▸ TASK GOAL: Pictures in the data must not be copied, but everything else should be output exactly.

▸ INPUT DATA:
================

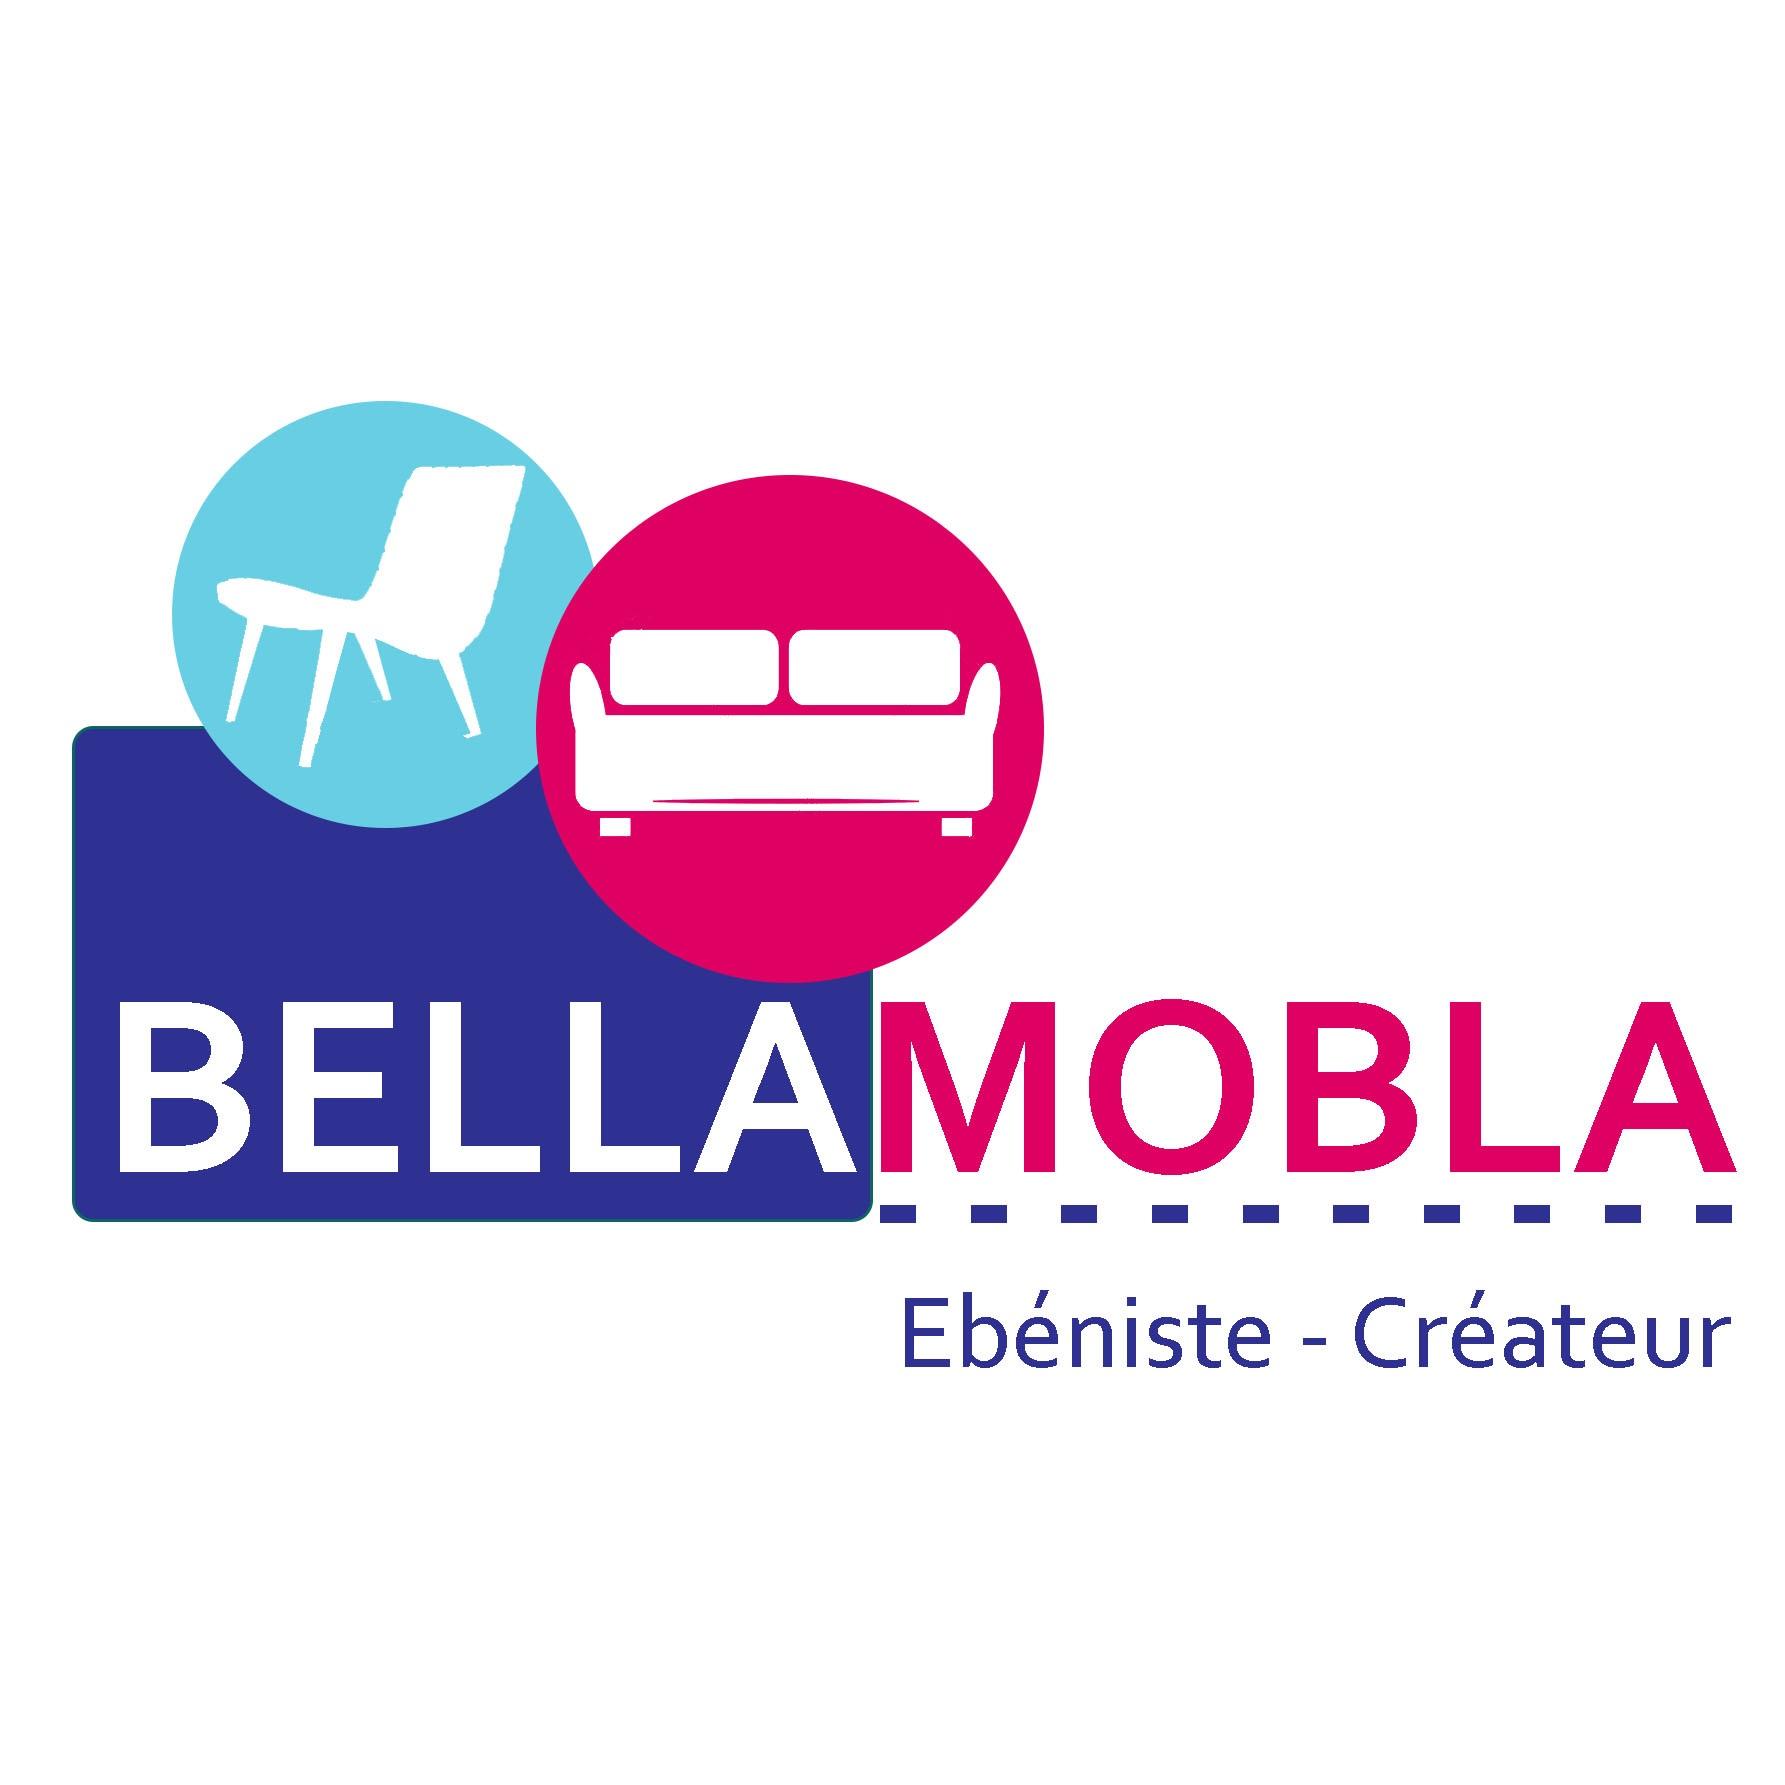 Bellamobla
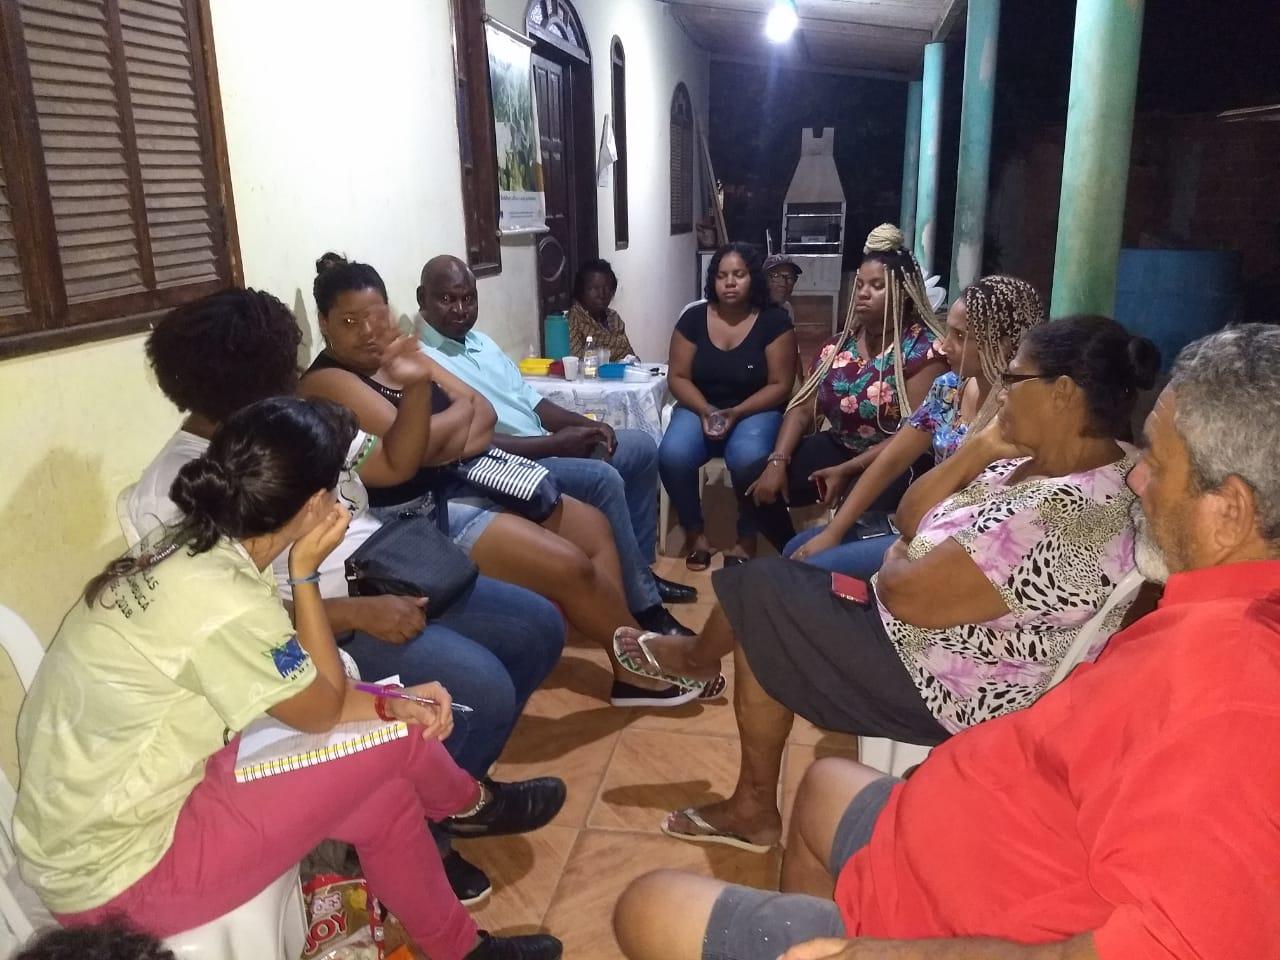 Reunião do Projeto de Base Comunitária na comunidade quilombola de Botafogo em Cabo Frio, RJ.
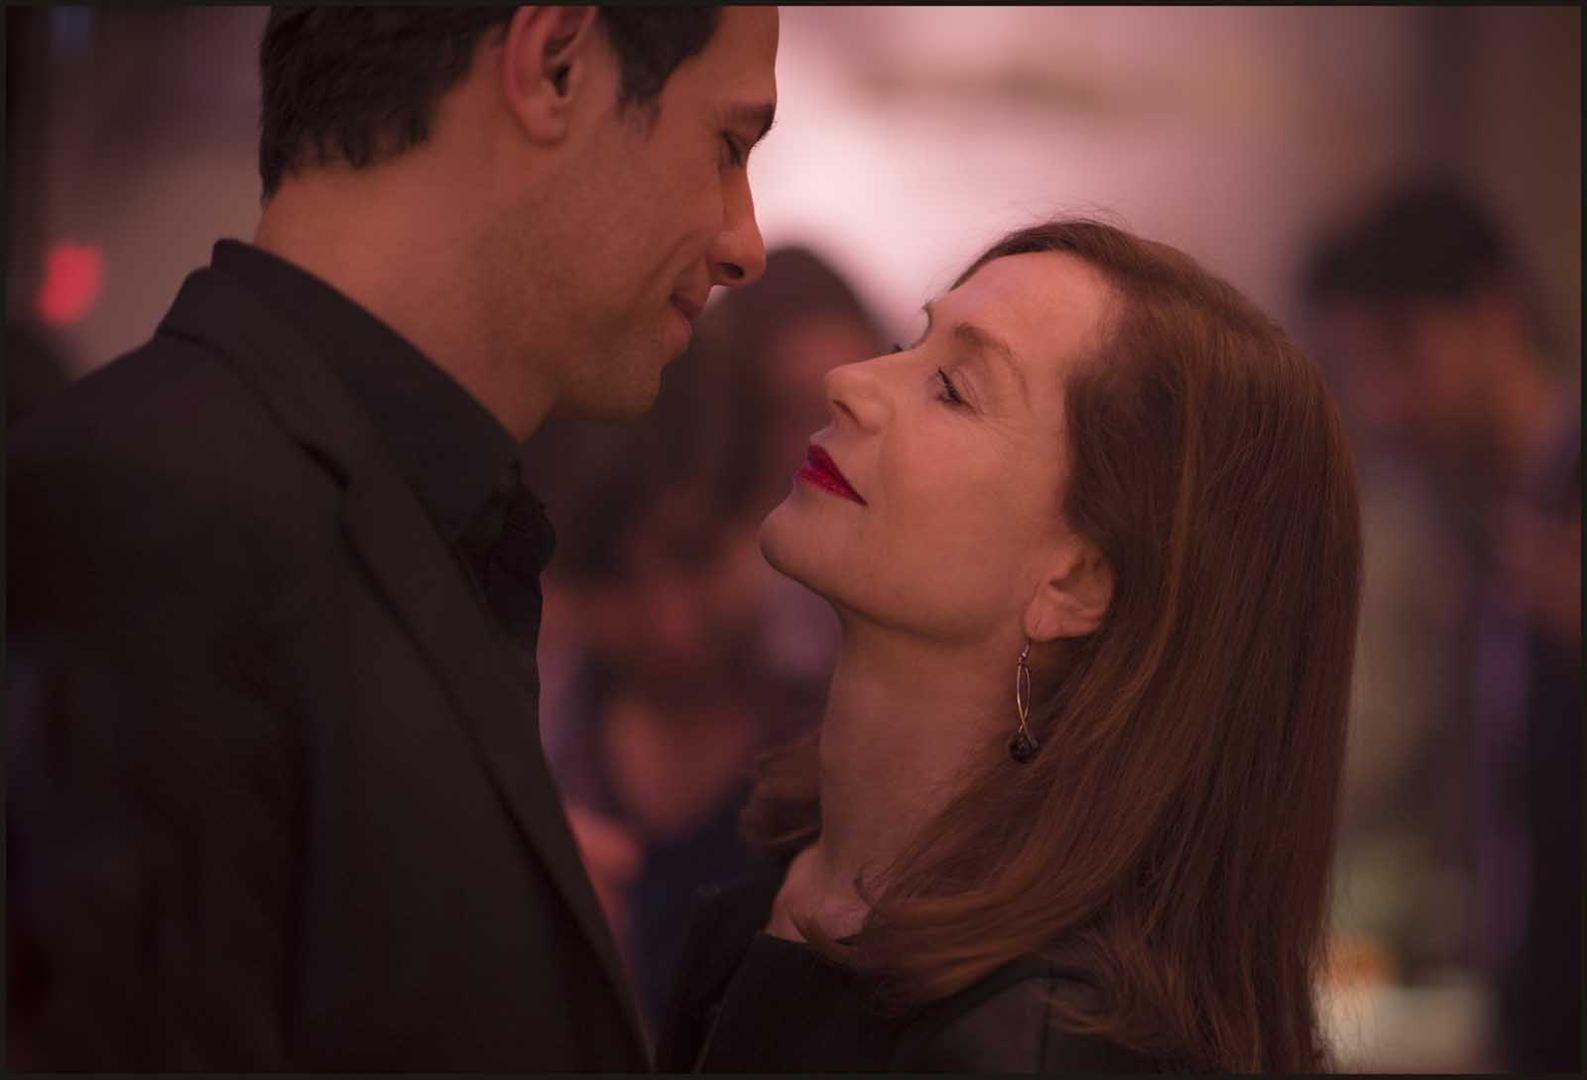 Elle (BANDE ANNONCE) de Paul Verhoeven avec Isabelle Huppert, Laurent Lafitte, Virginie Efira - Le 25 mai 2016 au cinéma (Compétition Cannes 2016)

================

▸ RESULT OF THE EXERCISE:
 Bellamobla
 Reunião do Projeto de Base Comunitária na comunidade quilombola de Botafogo em Cabo Frio, RJ.
 Elle (BANDE ANNONCE) de Paul Verhoeven avec Isabelle Huppert, Laurent Lafitte, Virginie Efira - Le 25 mai 2016 au cinéma (Compétition Cannes 2016)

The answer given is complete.